Task brief:
When you reach the line containing "Suede: Love &" in the records below, start copying exactly, and stop once you have copied the line containing "A teenage girl".

----- Provided entries

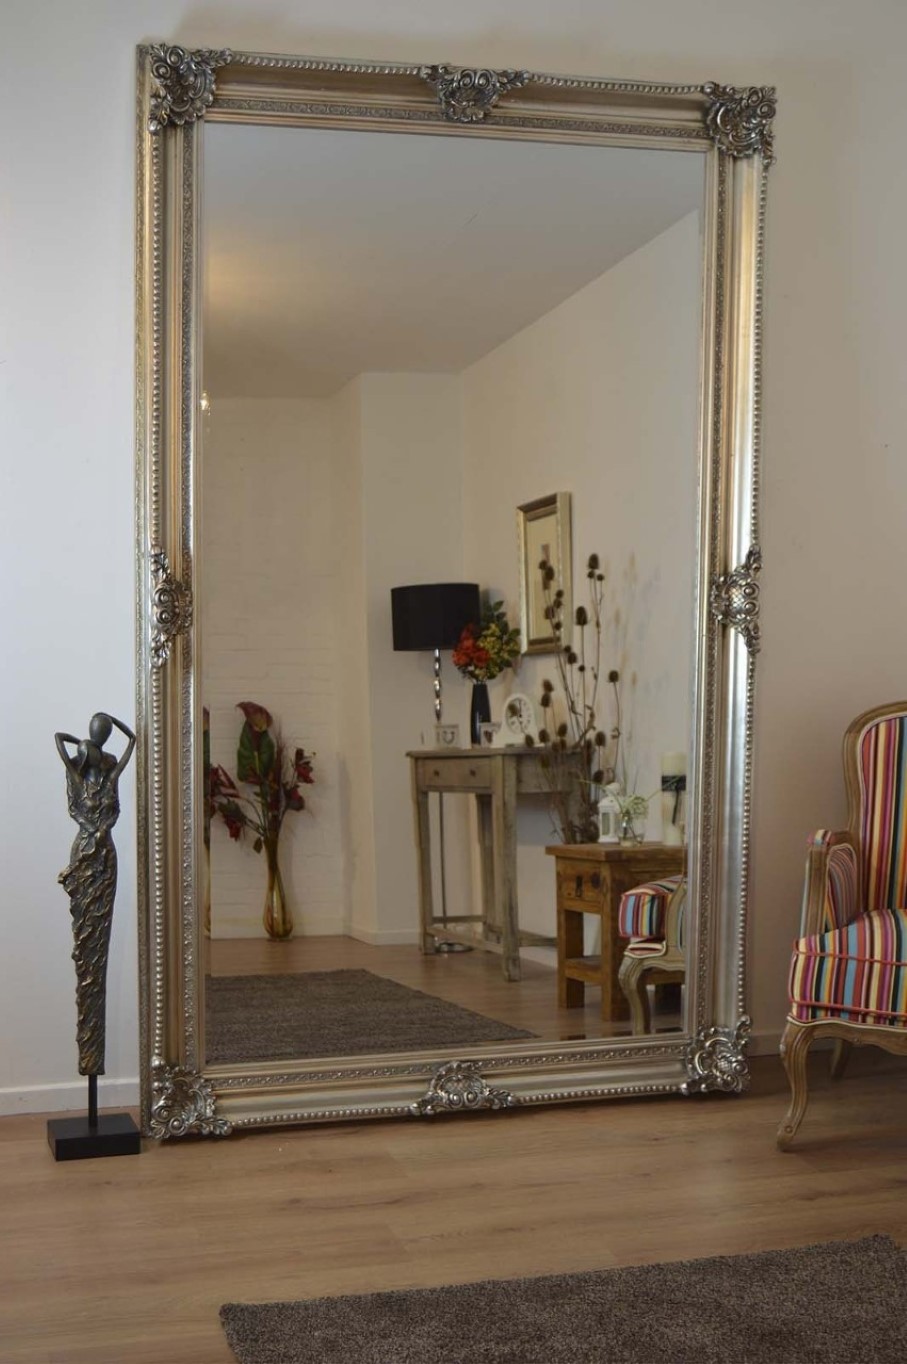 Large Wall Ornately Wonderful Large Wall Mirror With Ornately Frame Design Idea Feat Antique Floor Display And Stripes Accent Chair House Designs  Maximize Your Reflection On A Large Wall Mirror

----------
----- Provided entries

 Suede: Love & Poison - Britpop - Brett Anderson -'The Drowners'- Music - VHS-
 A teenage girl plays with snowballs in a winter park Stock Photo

----------
----- Provided entries

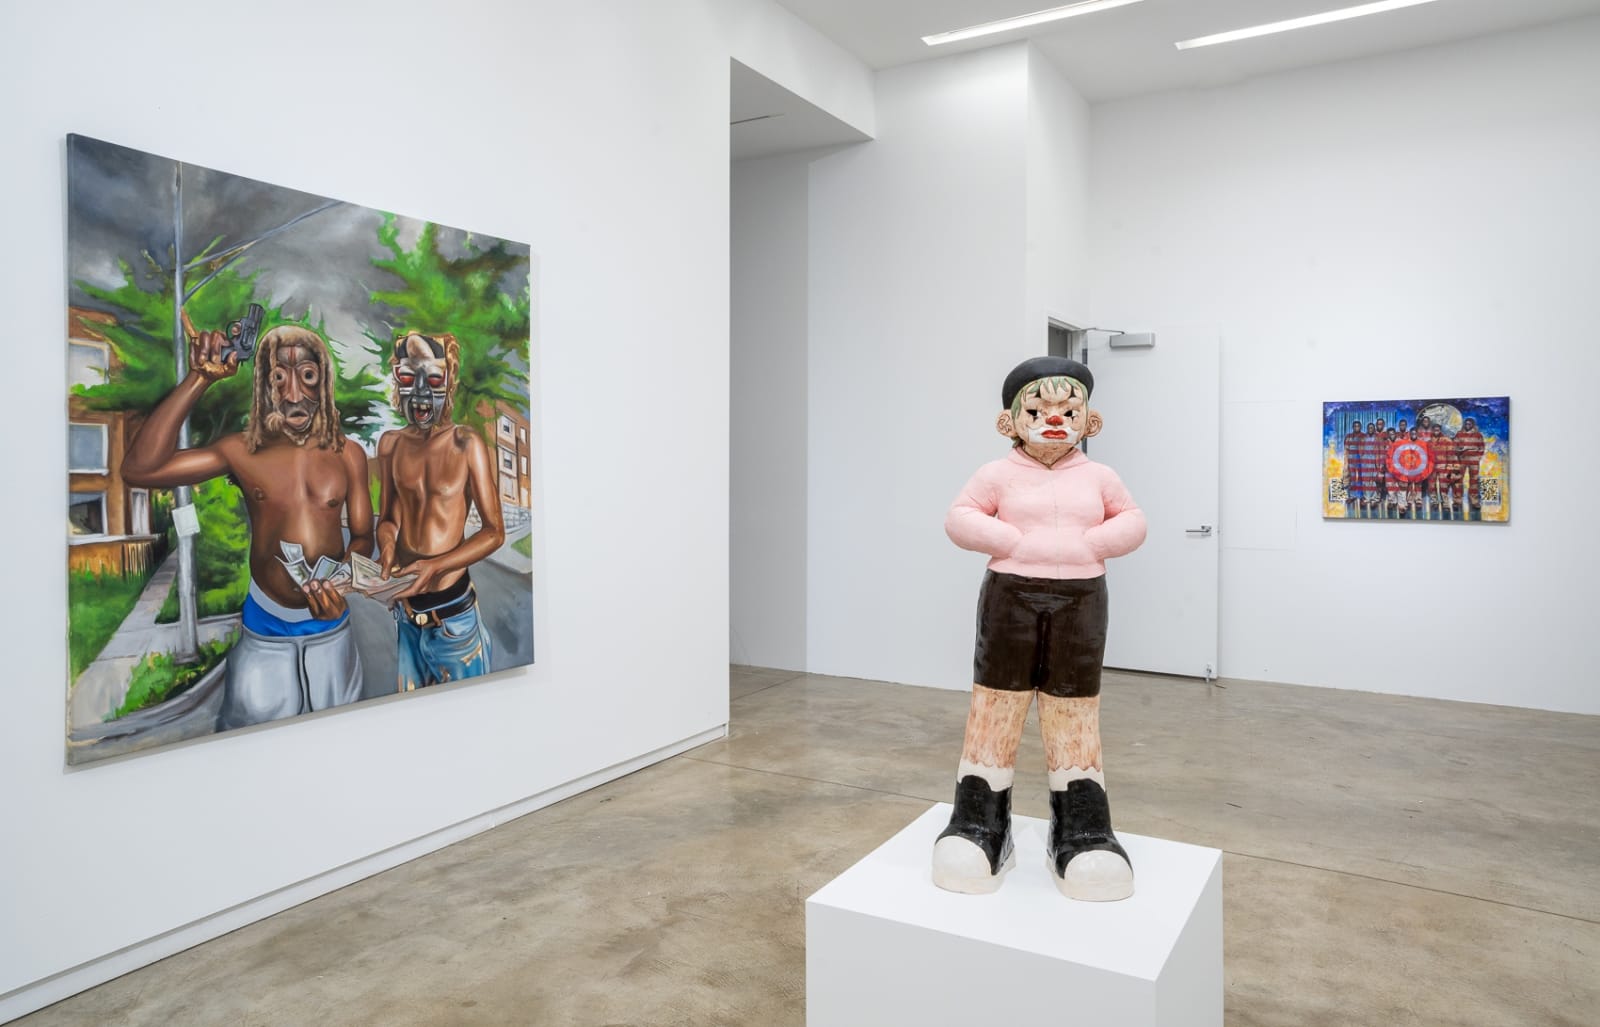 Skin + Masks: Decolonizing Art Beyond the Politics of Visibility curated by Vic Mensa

----------

Answer to the problem:
 Suede: Love & Poison - Britpop - Brett Anderson -'The Drowners'- Music - VHS-
 A teenage girl plays with snowballs in a winter park Stock Photo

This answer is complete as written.